Impact of COVID-19 on ANS Businesses Report

April 28, 2021

Halifax, NS – April 20, 2021 – The results on what is likely the first detailed survey on the impact of COVID-19 on African Nova Scotia (ANS) owned businesses reveal that the pandemic has had a significant impact on the business community, with many experiencing revenue losses, closures, lay-offs, and shrinkage in operations. Relatively fewer businesses were able to access the various relief programs provided by the federal government and others.

The Impact of COVID-19 on African Nova Scotian Businesses Survey Report was released by the Black Business Initiative (BBI). Harvi Millar, Ph.D. of Logix Consultants Limited and Saint Mary’s University was the research consultant on the survey that was funded by the Atlantic Canada Opportunities Agency (ACOA). The survey, the first of a two-part study, aimed, in part, to obtain knowledge that can be used to develop a comprehensive tripartite strategy for post-COVID-19 recovery of ANS businesses involving BBI, the businesses and government.

“BBI, now in our 25th year of operations, commissioned this research because of the dire circumstances brought on by the COVID-19 pandemic and exacerbated by the brutal murder of George Floyd in the US,” said Dr. Rustum Southwell, CEO of BBI, “We intend to use this data to better understand the critical challenges faced by Black-owned businesses in Nova Scotia.”

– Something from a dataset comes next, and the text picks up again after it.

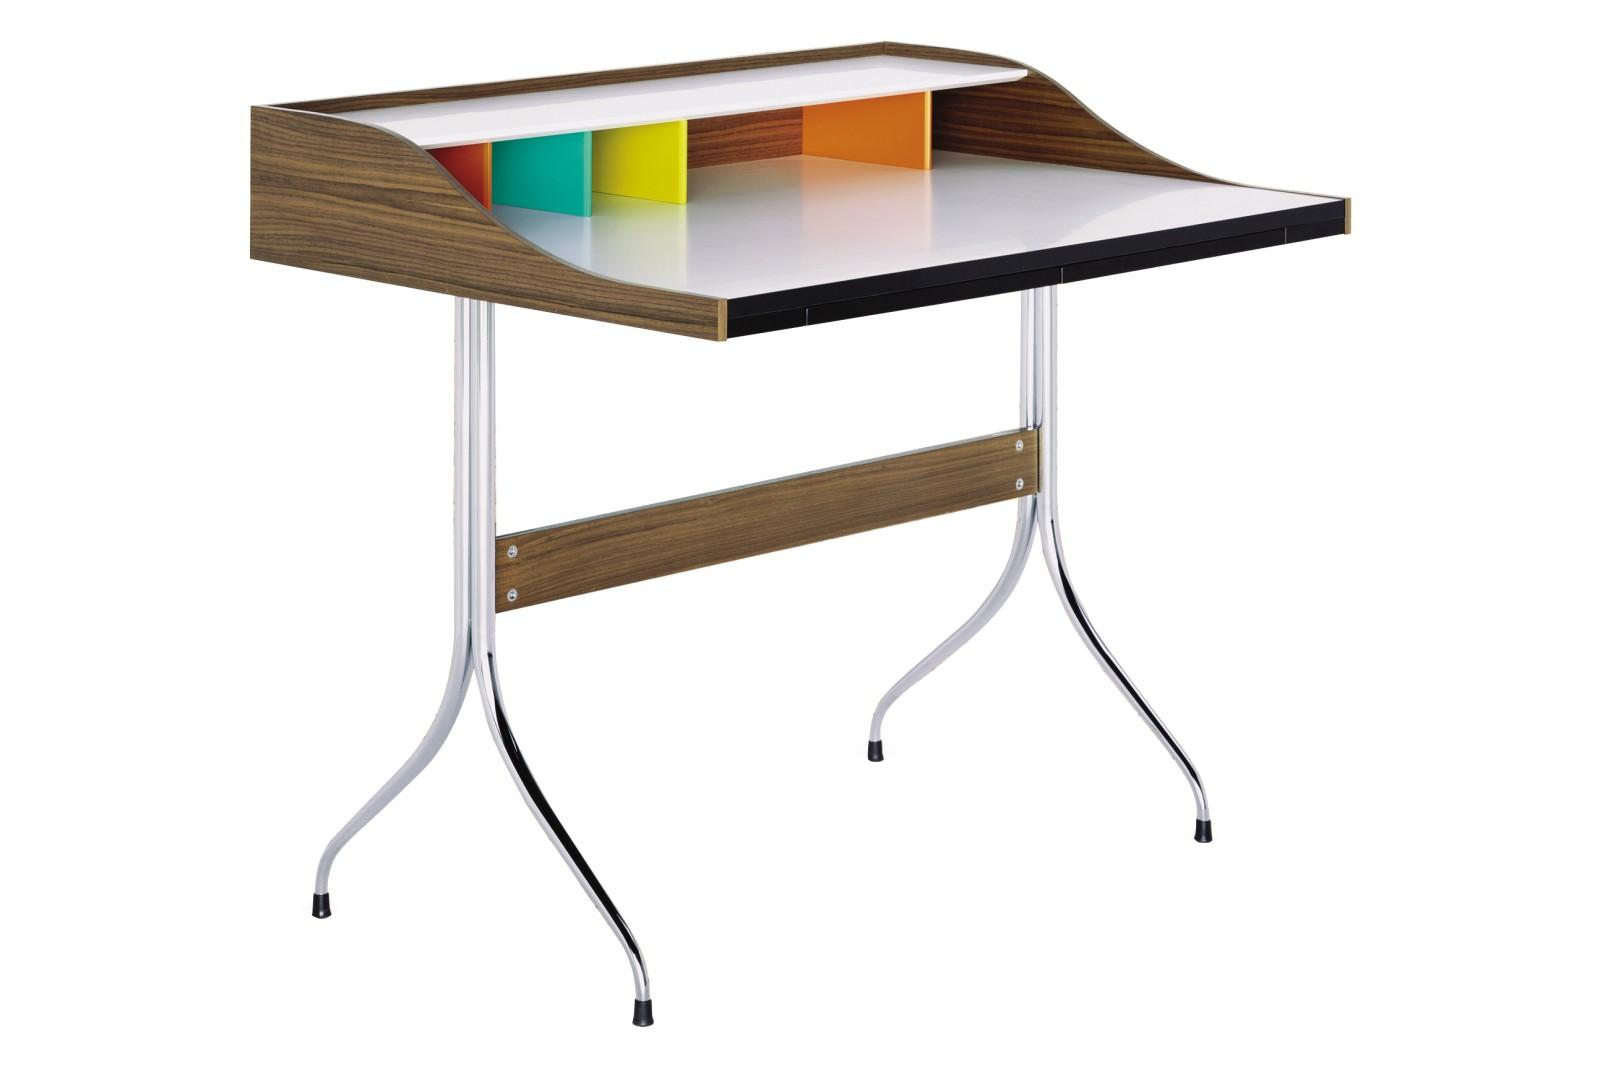 Home Desk walnut veneer, chrome-plated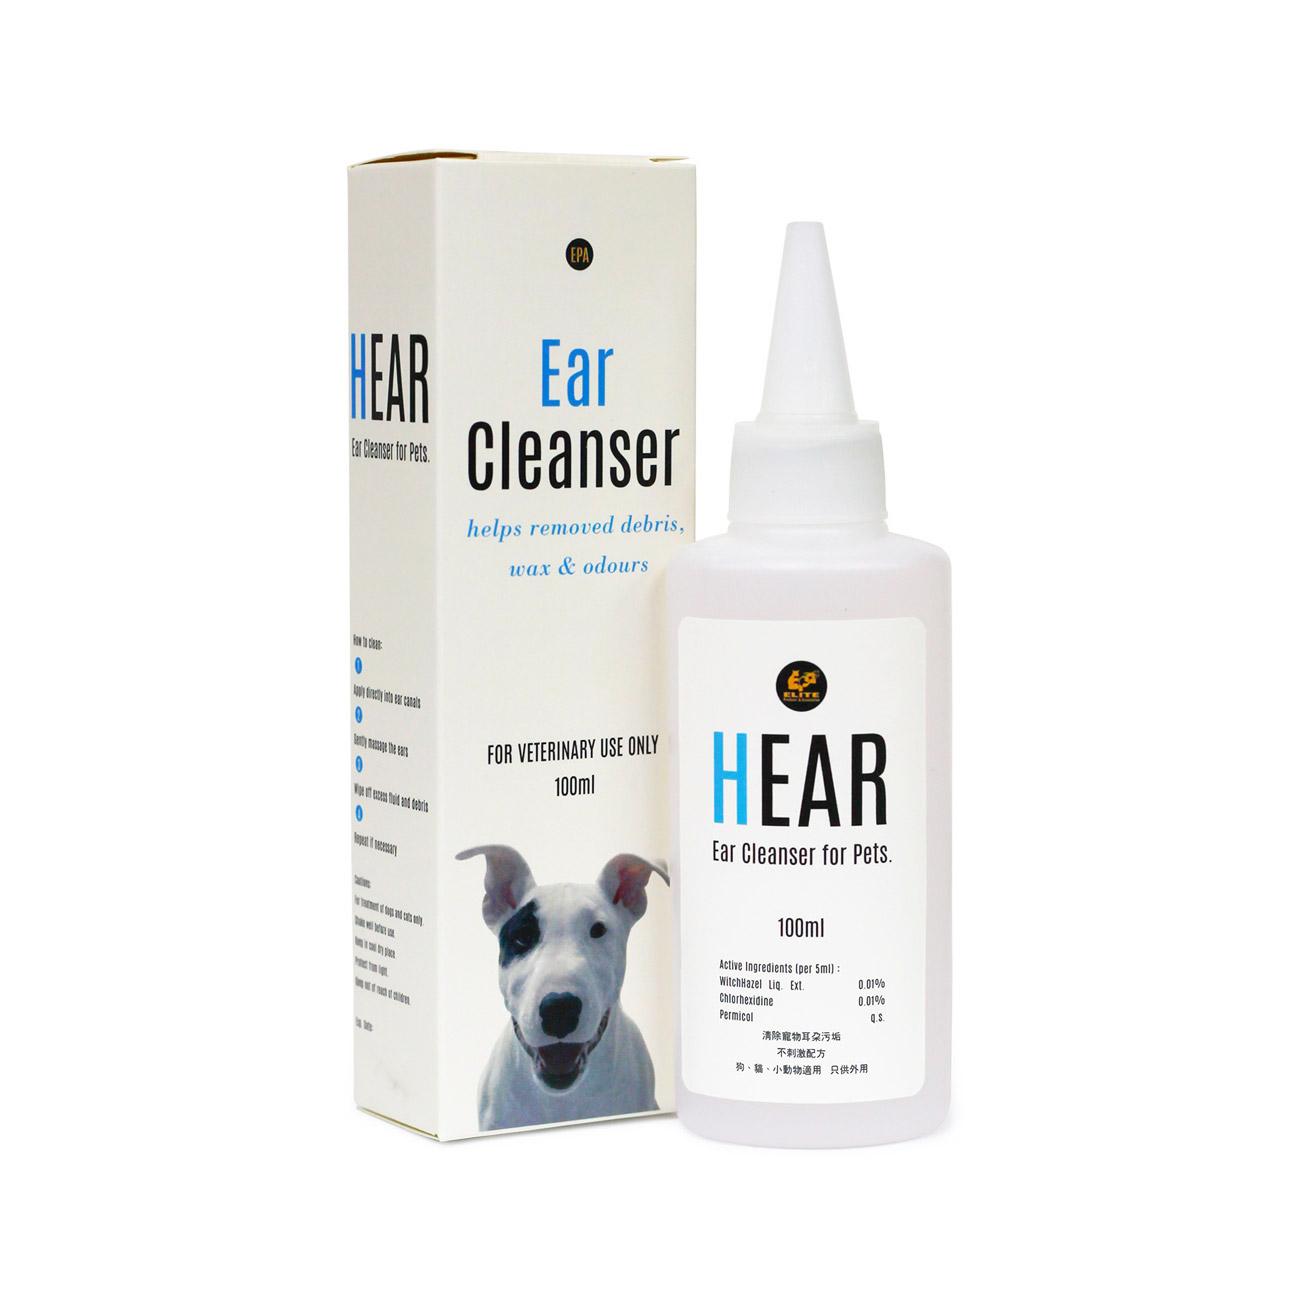 Ear Cleansing 100ml

Fifty-nine African Nova Scotian entrepreneurs from across the province, with business interests that span nine industrial categories, participated in the survey between December 2020 and February 2021. The businesses were primarily service-based and employing under five persons. The results of the survey show that COVID-19 had a significant impact on the business community with the loss of revenues; temporary and permanent closures; layoffs; low cash on hand; supplier delays; reduced operating capacity; and possible permanent shrinkage in their customer bases. The survey also found that very few of the businesses that responded were able to access the financial assistance from the various programs provided by the federal government and other entities, leaving others to resort to using personal funds. The reasons mentioned for this included ineligibility because the businesses were not among those mandated to close, as well as a perception that the application process for most of these programs was complex and cumbersome.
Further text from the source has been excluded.